Parfois, le jeu vidéo, c’est aussi une affaire de cuisine. Littéralement. Prenez Onechanbara, horrible beat’em-all avec des babes dézinguant joyeusement du zombie sous anxiolytique. La cible visée est claire : un public d’otakus très excités à l’idée de ce combo de série Z savamment dosé (filles en bikini + gore qui tâche = jouissance assurée). Le jeu assume sans complexe son parti pris, fond de commerce inusable et racoleur misant sur l’instinct primaire du gamer. Découper au katana des ennemis avec l’IA d’une moule, dans des effusions de sang où le ralenti n’est pas un effet de style mais une méchante chute de framerate, pas de problème. C’est laid ? Le gameplay est inexistant ? Techniquement, on tutoie une autre époque ? Les décors hyper répétitifs conçus à l’arrache donnent la nausée ? Indiscutable, à se demander si c’est pas voulu. Mettons que ça le soit, pas possible autrement. Onechanbara, c’est un peu comme un Tex-Mex cradingue arrosé de tequila bon marché. C’est mauvais, franchement mauvais. Pas bon pour la santé, du genre à boucher les artères, plomber l’estomac, donner une méchante gueule de bois, avec un sale goût dans la bouche. Tenace, très. En revanche pas la prétention de faire du Bocuse, on sait où on est. C’est déjà ça.

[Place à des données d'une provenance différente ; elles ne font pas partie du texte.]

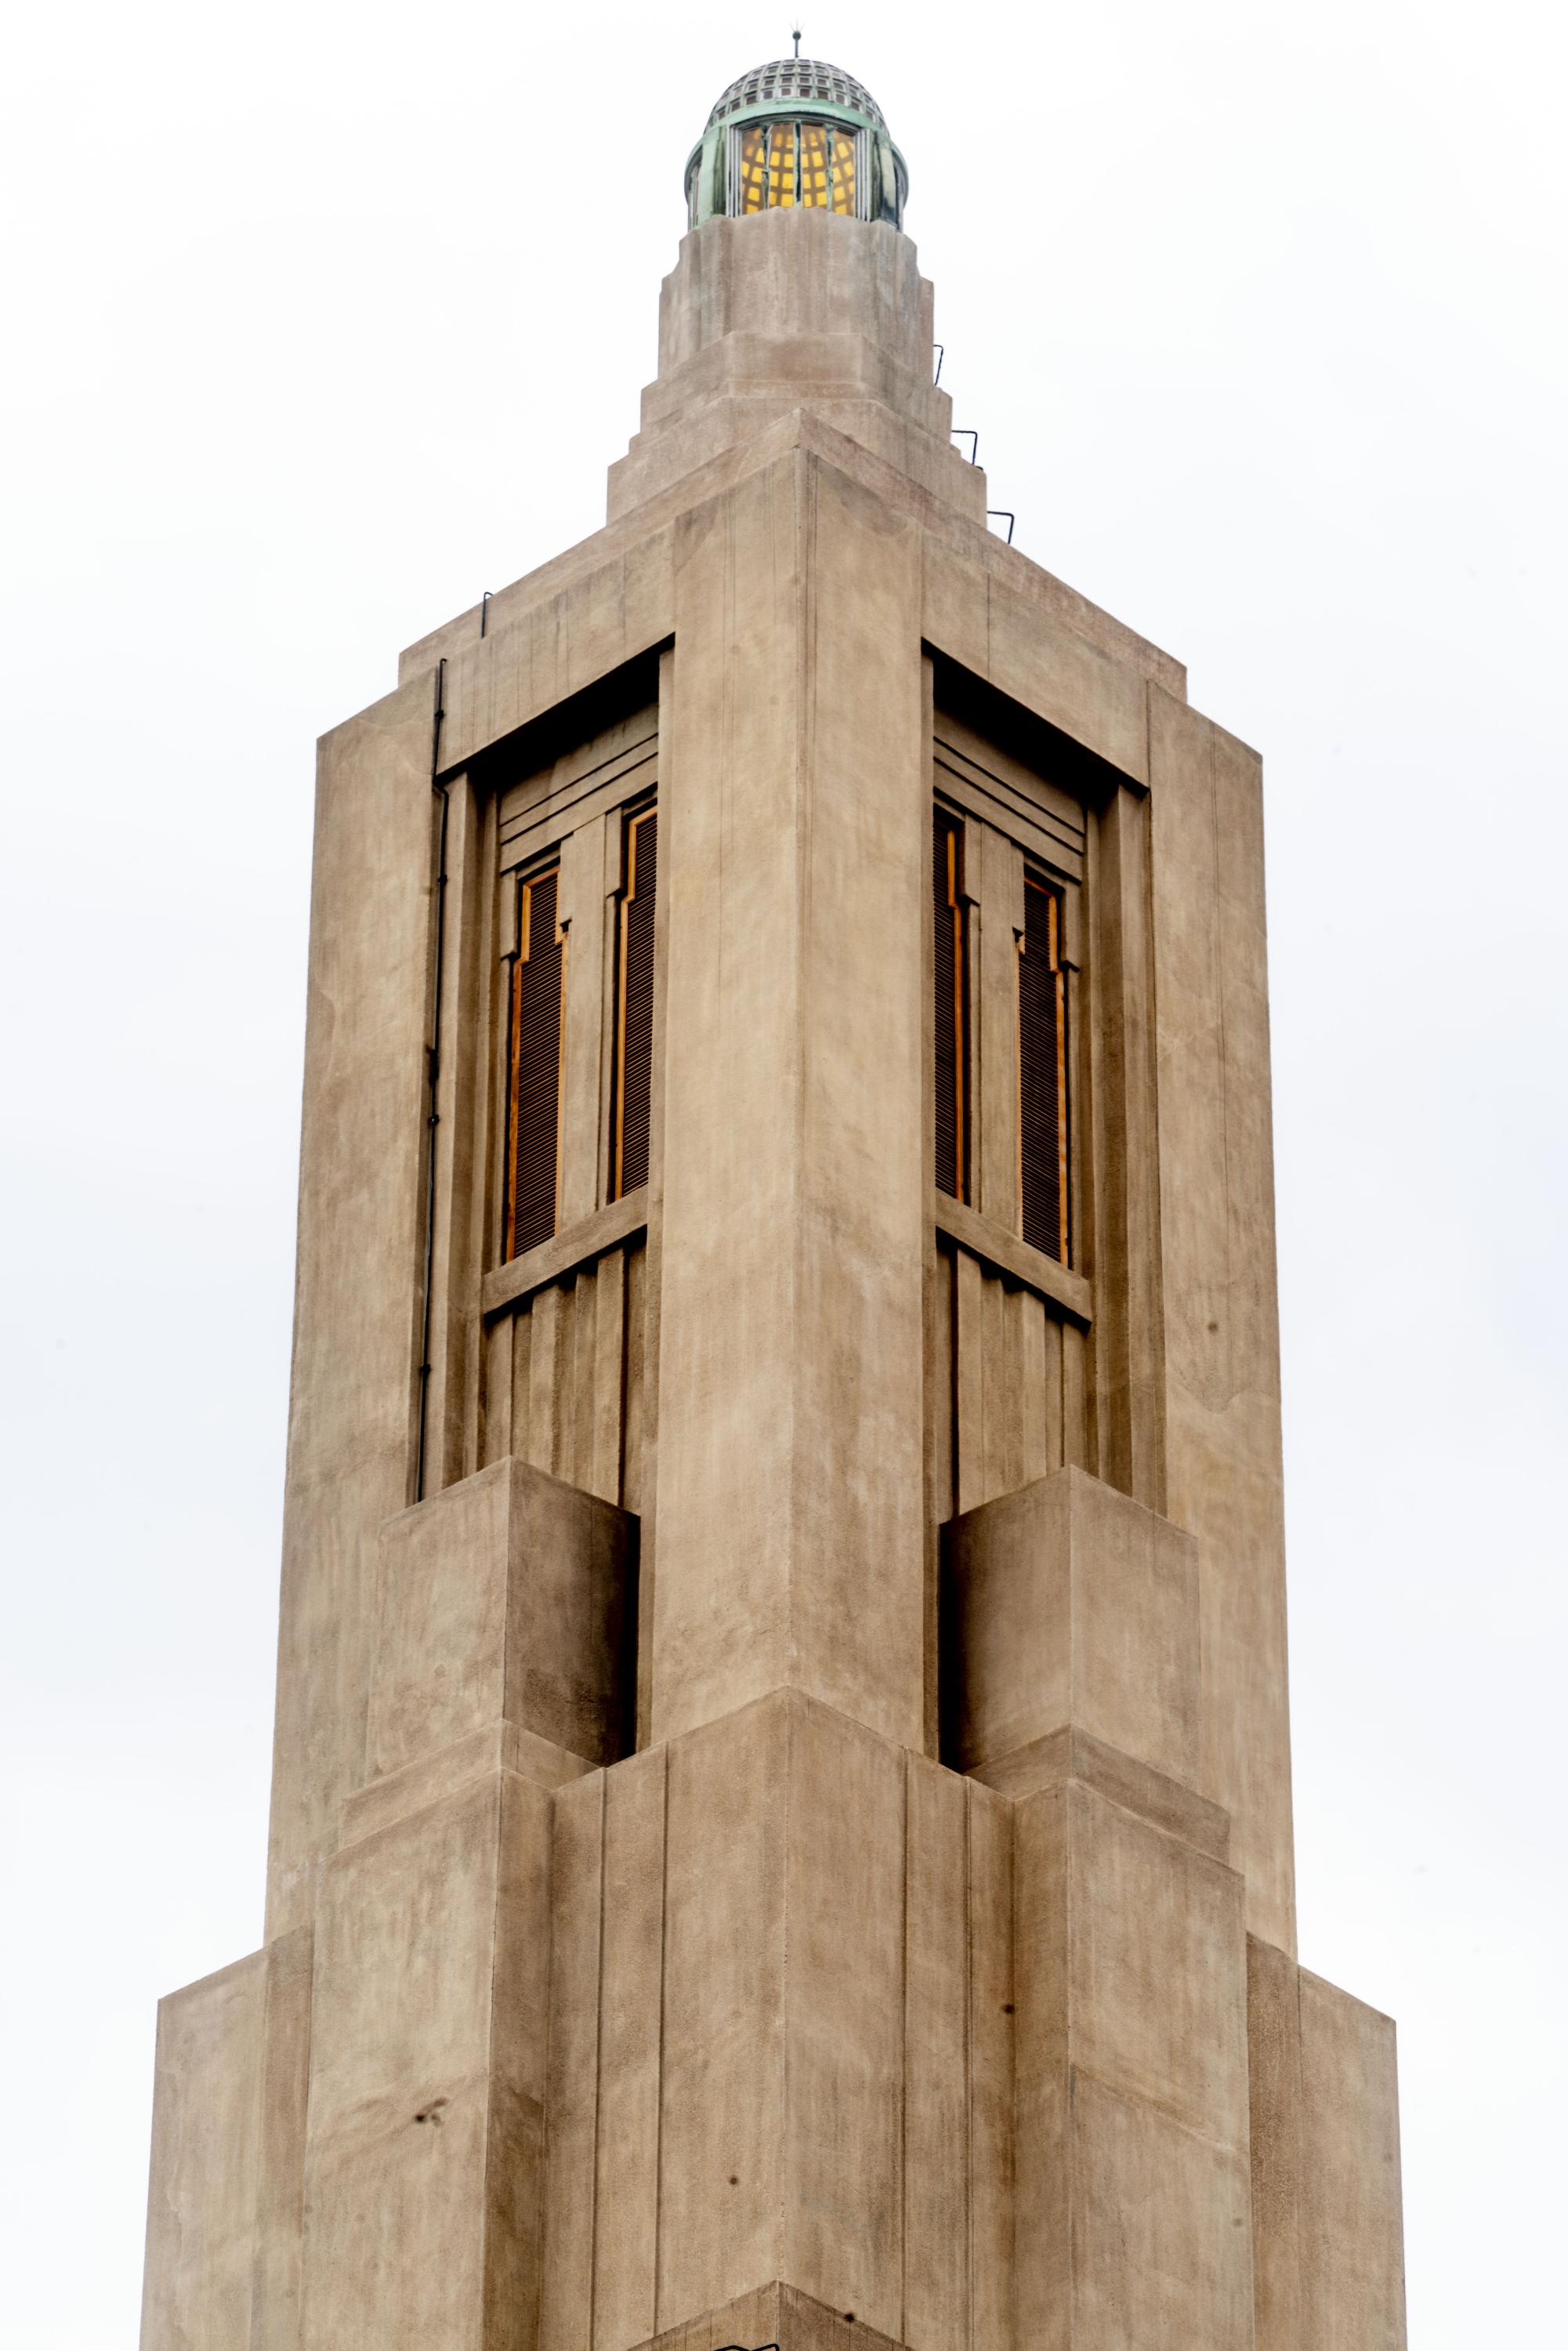 Shahmoon Irodaház tornya. Fotó: Nicky Almasy, 2019
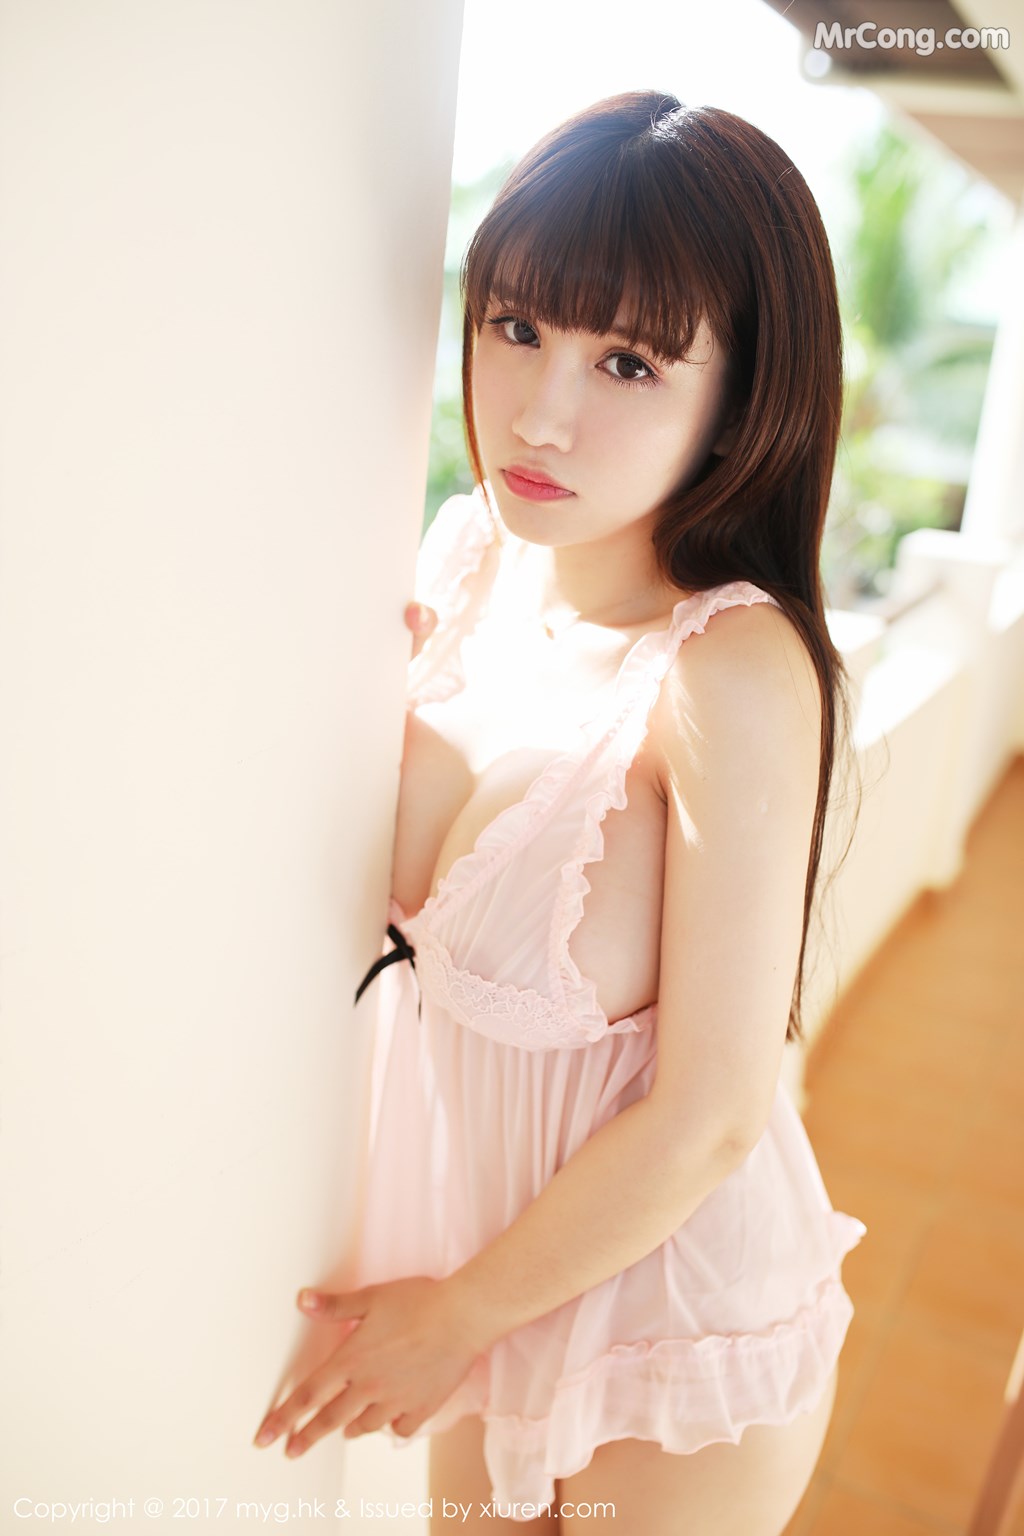 MyGirl Vol.265: Model Aojiao Meng Meng (K8 傲 娇 萌萌 Vivian) (41 photos)

Il y avait la junk food, voici le junk game. Sauf que si on a toujours un petit faible pour les bombes caloriques servies dans des endroits pas très fréquentables, en jeu, c’est plus dur à avaler. Se farcir, bien saignant, du zombie amorphe au kilomètre, dans un level design atrocement désertique servant de pur prétexte (créer l’illusion d’une progression), demande une certaine dose de volonté. Ou d’auto persuasion, sans doute aussi un peu d’abnégation et d’appétence pour le mauvais goût. Après trois niveaux, grand max, on doit avouer avoir rendu les armes, le couvert, la serviette, notre tablier, tout. La motivation d’un string quasi invisible éclaboussé par des hectolitres d’hémoglobines digitaux n’est pas une troublante analogie qui nous motive. Onechanbara, ou l’équivalent du porno gonzo pour geek en rut se paluchant sur des posters d’anime. Sans faire le vieux con, on a passé l’âge. Pas qu’on se refuse à une bonne vieille orgie gratuite et généreuse avec des culs serrés à customiser, mais notre sens de l’esthétique à son minimum d’exigence. Et Tamsoft, auteur de ce nanar autoproclamé, vise un peu trop bas, il y a des limites. Elles sont dépassées.
Que le soft n’ait aucun enjeu, passe encore. Mais faire exploser à ce point le taux de cholestérol, pardon de testostérone, en rognant absolument sur tout, pour ne garder que le gras, c’est l’indigestion assurée. Et on tient à nos intestins, question de survie. Onechanbara, c’est tellement immonde à regarder qu’on en vomirait des yeux – une image douloureuse à imaginer, faut en convenir. Pourtant, au début, vite fait, vraiment vite, on y a cru. Cinq minutes, le temps de considérer que si on persévérait, ce serait l’hosto assuré ou la fin de notre amour propre. Parce qu’il faut avoir un peu perdu toute dignité pour jouer à Onechanbara. La complaisance bis, Z, hyper régressive, misant sur une connivence débilo-mammaire, il y a un moment où faut dire stop. Rien de culte ici, tout est beaucoup trop calculé pour ça. Le jeu arrive trop tard, il veut son petit morceau de contre culture vidéo ludique alors que depuis longtemps le cinéma lui a grillé la priorité. Onechanbara est has been dès sa sortie, il ne fait que maintenir l’illusion d’un renversement des valeurs elles mêmes renversées depuis belle lurette. D’autant que sur un terrain similaire (les babes en moins, certes), God hand avait prouvé avec beaucoup plus d’ambitions qu’on pouvait encore entretenir le mythe avec un gameplay solide. Mieux, Mikami et sa bande le portait à sa quintessence, lui donnant ses lettre d’or tout en l’enterrant au passage. Suite et fin, tout le reste ne sera qu’une répétition d’après l’apocalypse.